February 8, 2016
PATH Act Requires 501(c)(4) Organizations to Provide Notice to IRS after Formation
As a result of recent legislation, the Protecting Americans from Tax Hike Act of 2015 (PATH Act), signed into law by President Obama on December 18th, 2015, newly created and certain existing 501(c)(4) social welfare organizations must now file a notice with the IRS. Failure to provide notice can result in penalties.
A social welfare organization is not required to submit an application for exemption (historically, Form 1024) to the IRS, but, rather, it can “self-declare” its exempt status, provided that the organization operates under the statutory and regulatory requirements applicable to such organizations.
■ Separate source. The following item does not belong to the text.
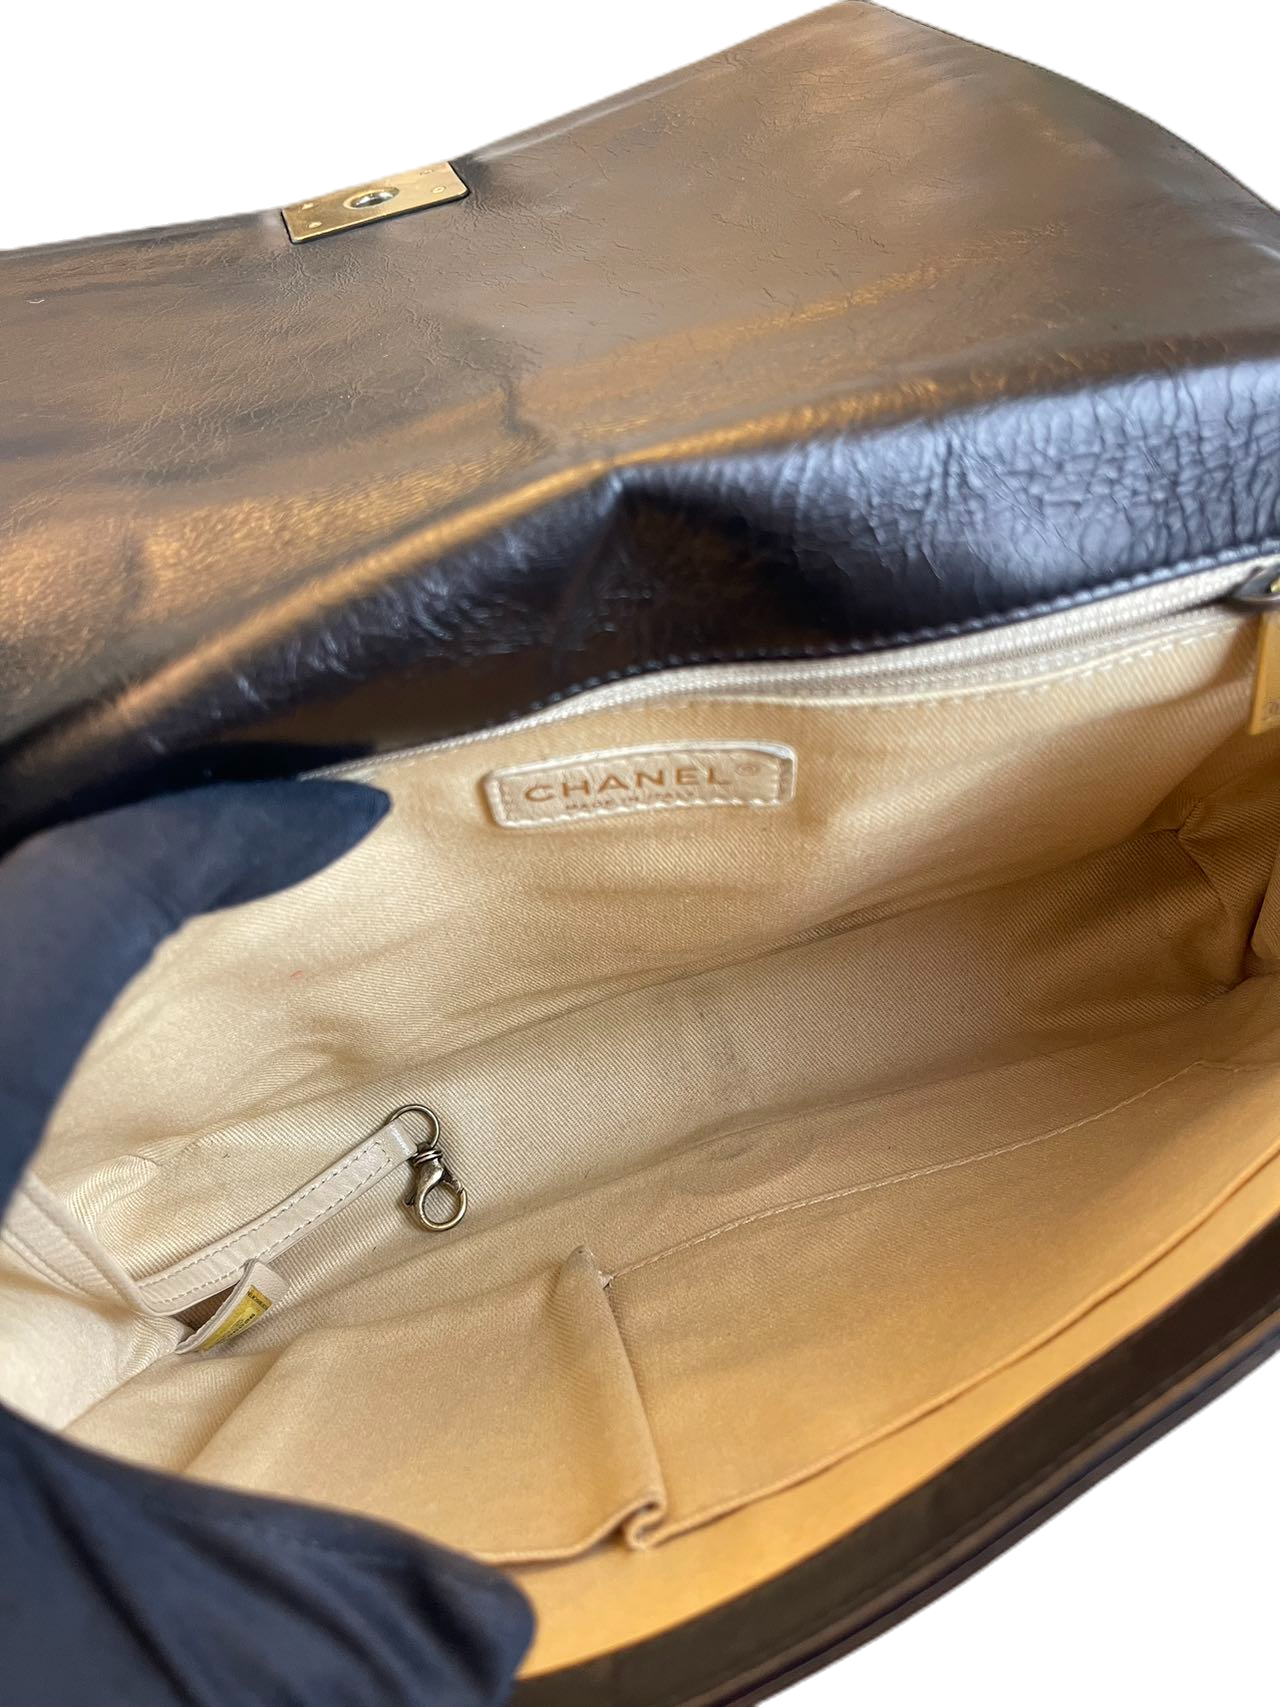 Preloved Chanel Black Lambskin XL Boy Bag Shoulder Bag

This legislation creates new Internal Revenue Code Section 506 – “ORGANIZATIONS REQUIRED TO NOTIFY SECRETARY OF INTENT TO OPERATE UNDER 501(c)(4)” to implement the new notice requirement.
Newly Formed 501(c)(4) Organizations – Pursuant to Sec. 506, an organization described in Sec. 501(c)(4) formed after December 18, 2015 has to provide, no later than 60 days after the organization is established, the following to the IRS (the manner in which this information is to be provided will be prescribed in a future regulation or form instructions):
- the name, address, and taxpayer identification number of the organization;
- the date on which and the state under the laws of which the organization was organized;
- a statement of the purpose of the organization; and
- a user fee (to be determined).
The IRS will have the authority to extend the 60-day deadline for reasonable cause. Within 60 days after an application is submitted, the IRS must provide a letter of acknowledgement of the registration. The notice and receipt are subject to the disclosure requirements applicable to Forms 1024 and 990.
Existing 501(c)(4) Organizations – Under Sec. 506, existing organizations that have not filed a Form 1024 or at least one annual information return or notice (Form 990/990-EZ/990-N) on or before the date of enactment (December 18, 2015) must file the notice required under IRC section 506 within 180 days of enactment of the new law.
Extension of Period to Notify the IRS – The Treasury Department and the IRS intend to issue temporary regulations implementing the Section 506 notice requirements. On January 19th, the IRS issued Notice 2016-9, which extends the time for an organization to notify the IRS of its intent to operate under section 501(C)(4). An organization subject to this filing notice now has at least 60 days from the date the regulations are issued to file the required notice.
Penalties – The legislation also amends Sec. 6652(c) to impose penalties for failure to file the notice required under section 506. An organization that fails to file the notice within 60 days of formation is subject to a penalty equal to $20 per day up to a maximum of $5,000. In the event such penalty is imposed, the IRS may make written demand for this information. Failure to provide this information to the IRS by the date specified in in the written demand may result in additional penalties of $20 per day up to a maximum of $5,000 on the person failing to provide the information.
Determination Letters – Organizations that would like the additional assurance of a favorable determination must still complete an exemption application and submit it to the IRS with user fee. The exemption application will be made on a new form (not the existing Form 1024) which will be used only by Section 501(c)(4) organizations. However, as set forth in IRS Notice 2016-9, until further guidance is issued, such organizations should continue to use Form 1024.
GIFT TAX NOT TO APPLY TO CONTRIBUTIONS TO CERTAIN EXEMPT ORGANIZATIONS
In addition to the notice requirement for 501(c)(4) organizations, the PATH Act amends IRC Sec. 2501(a) to confirm that gift taxes do not apply to contributions by individuals to 501(c)(4), (c)(5), and (c)(6) organizations. This has been an open question for several years and the new provision will provide greater certainty to donors to such organizations.